Я не успел даже спустить курок. Выглянув в окно, я увидел перебитое тело, прилипшее к асфальту гнилой котлетой. Да будет земля тебе пухом, родная моя девочка.
Судя по всему, моя подружка была единственной в этом здании. Оленьей осторожности хватило еще на седьмой и восьмой этажи. С девятого по четырнадцатый, заключительный, я ходил без особой внимательности и, клянусь проклятой душой Германа Геринга, Каспер, выполняющий любое дело так, как положено, убил бы меня за распиздяйство. Он вообще единственный из старой школы прилежных киллеров. Даже Бес, собаку съевший на вылазках, уже давно забил болт на правила и полагался на интуицию и удачу, хотя и ушки на макушке держал чаще, чем ваш покорный рогатый слуга.

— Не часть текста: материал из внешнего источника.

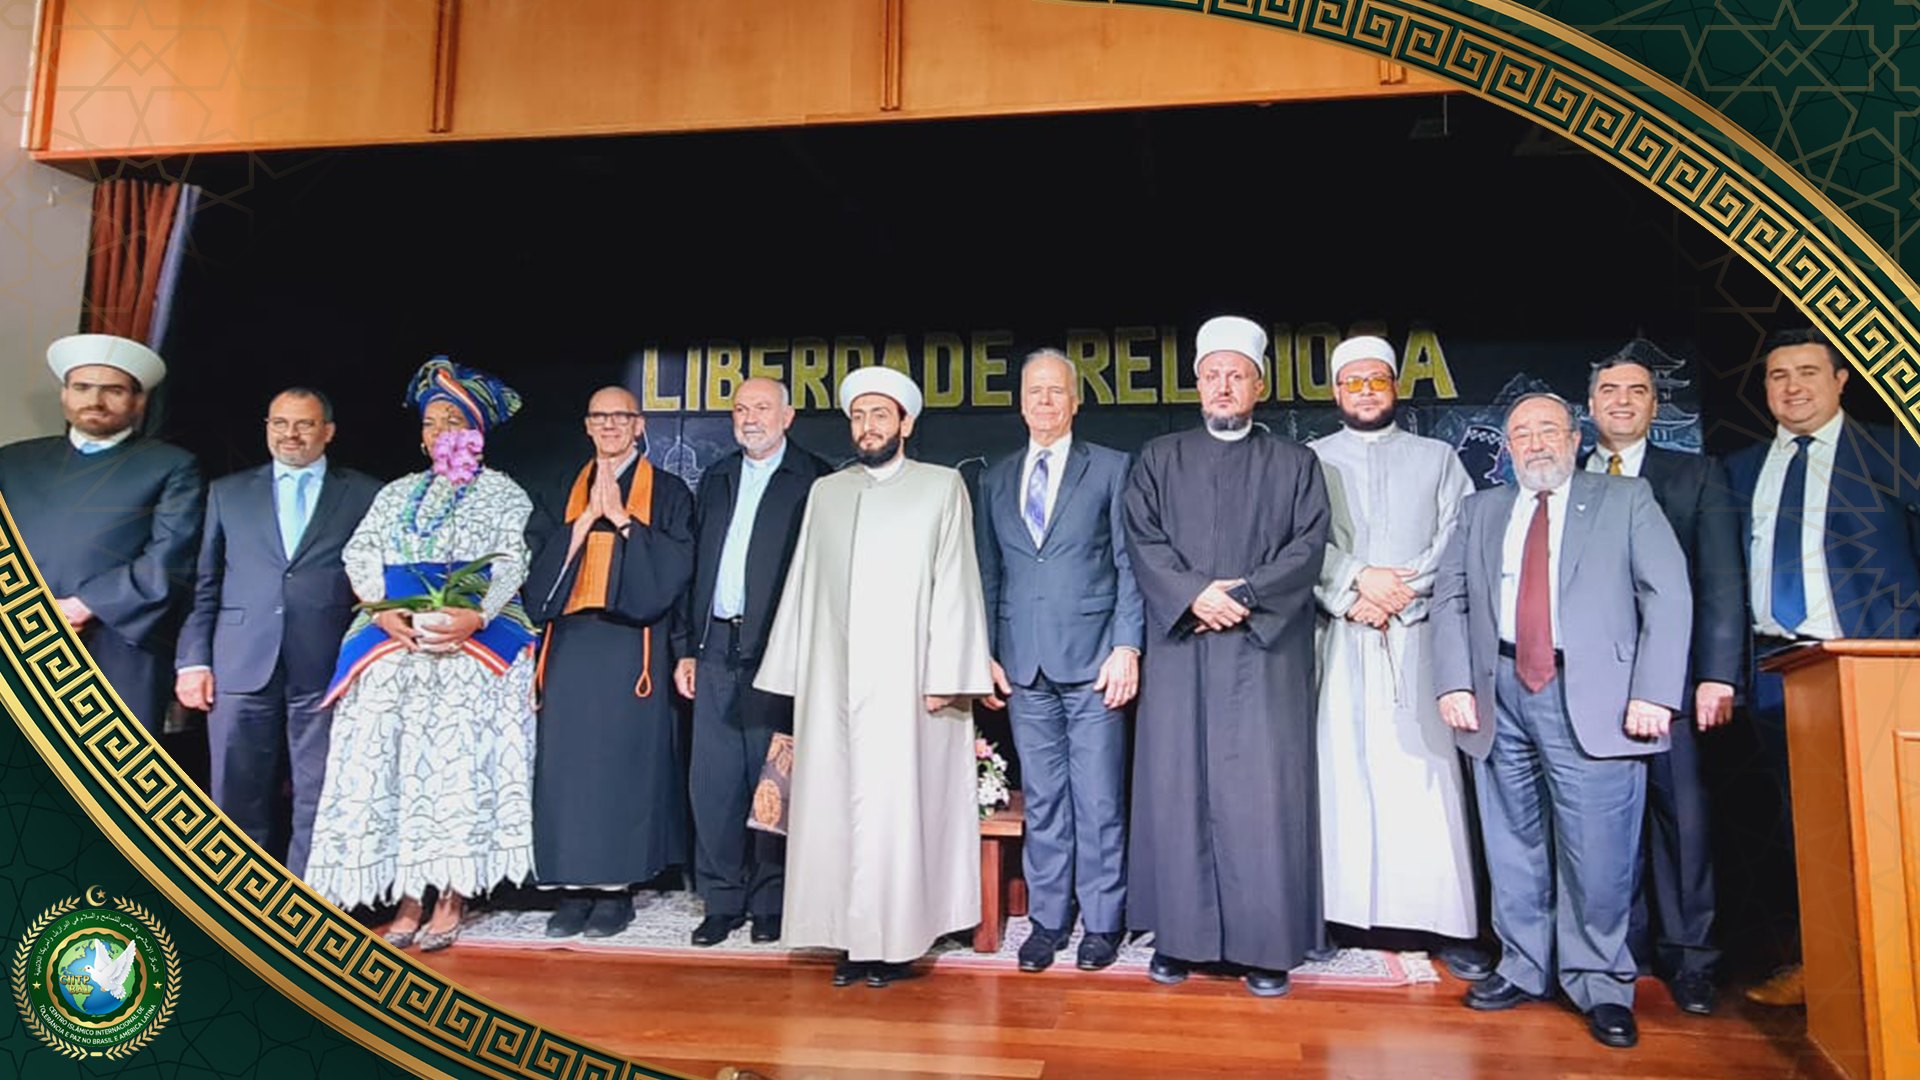 قادة الأديان في البرازيل في مؤتمر "الحرية الدينية" في ساوباولو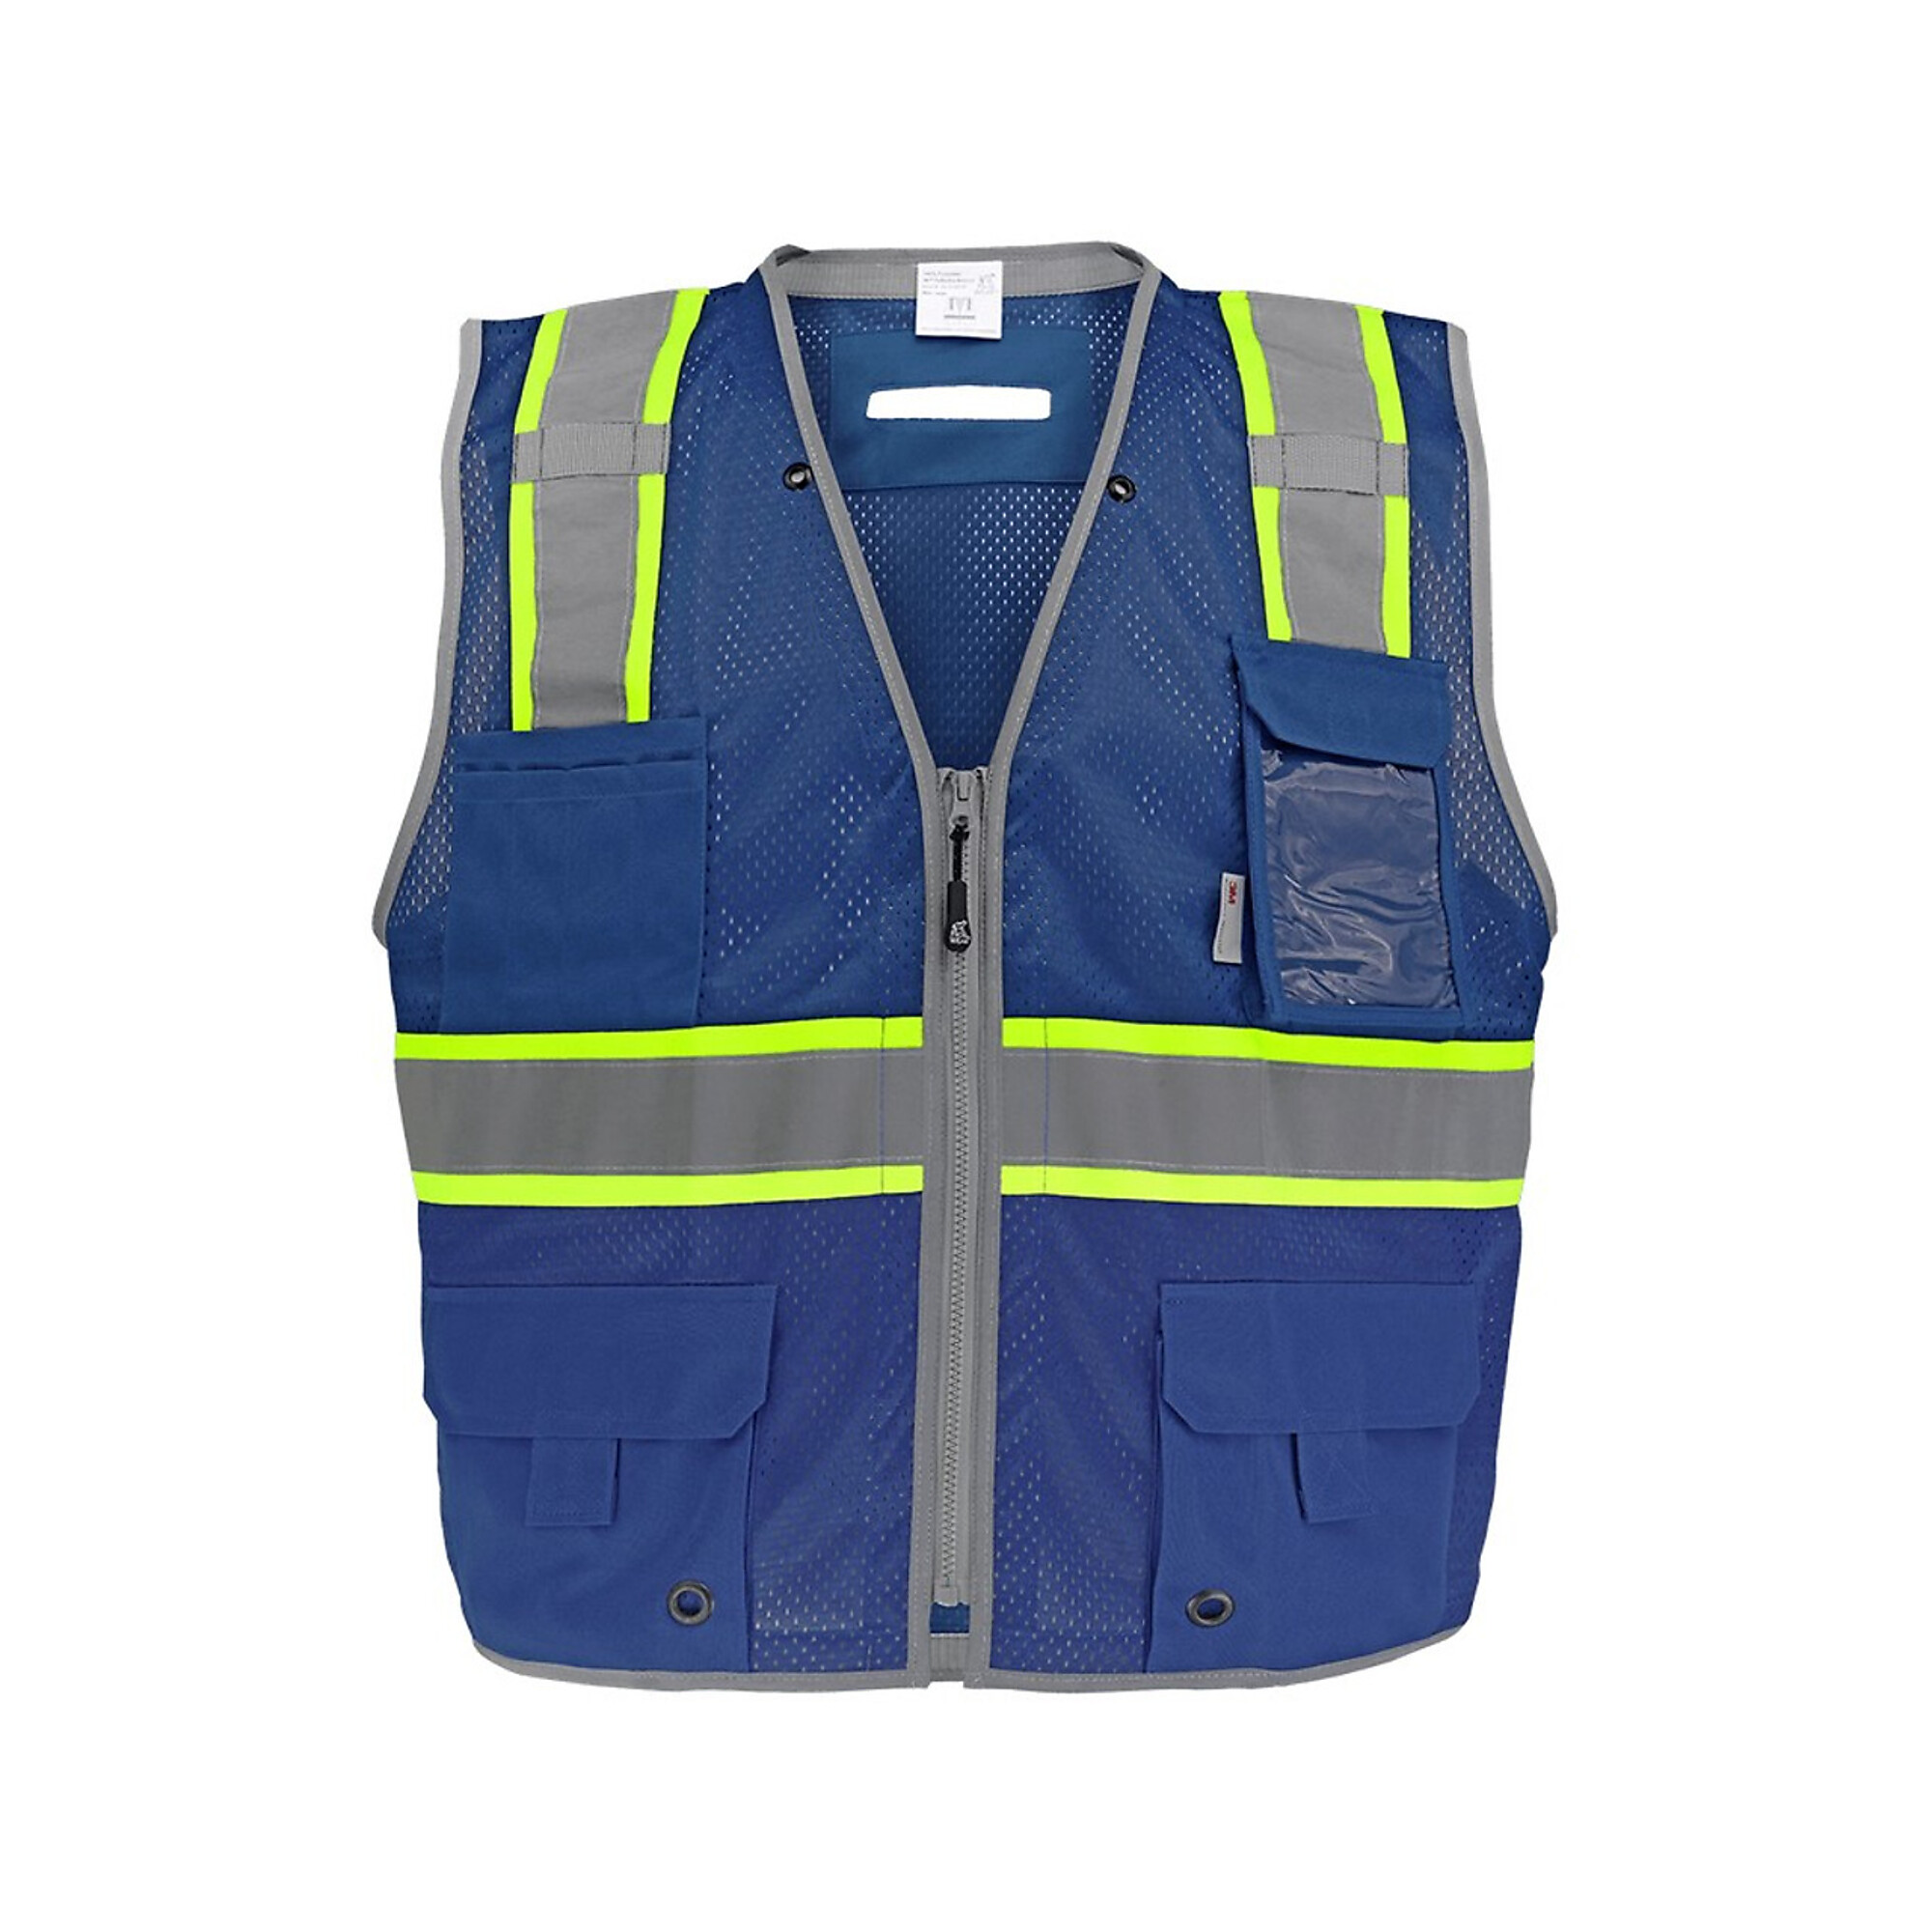 FrogWear Surveyors Vest, XL, Blue w/ Reflector, Model GLO-067B-XL

К слову, здание сожрало полтора часа моего времени. Я окончательно замерз, еще чуть-чуть – и начну стаккато зубами отбивать. Впрочем, собой я был в целом и общем доволен и теперь стоял заключительные пять-десять минут на крыше, безразлично наблюдая за тем, как солнце топит кварталы в рыжем холодном свете скупой на тепло весны. И было здесь настолько охренительно красиво, что даже потребность дышать забылась. Юркие лучи огненными змеями проникали в каждый просвет, в каждую трещину этого монолитного железобетонного организма по имени Семнадцатый Район. Я любил это место так же сильно, как и ненавидел. Понимал, что, прожив в шкуре Ловца уже три года, никогда не смогу вернуться к нормальной жизни там, где в это время, в седьмом часу утра, заботливые мамы готовили завтраки детям перед школой, непослушные подростки в драных джинсах и футболках с кричащими надписями начинали трезветь и приползали домой, трудоголики брили и без того гладкие синие щеки и завязывали галстуки, а влюбленные парочки практиковали утренний секс.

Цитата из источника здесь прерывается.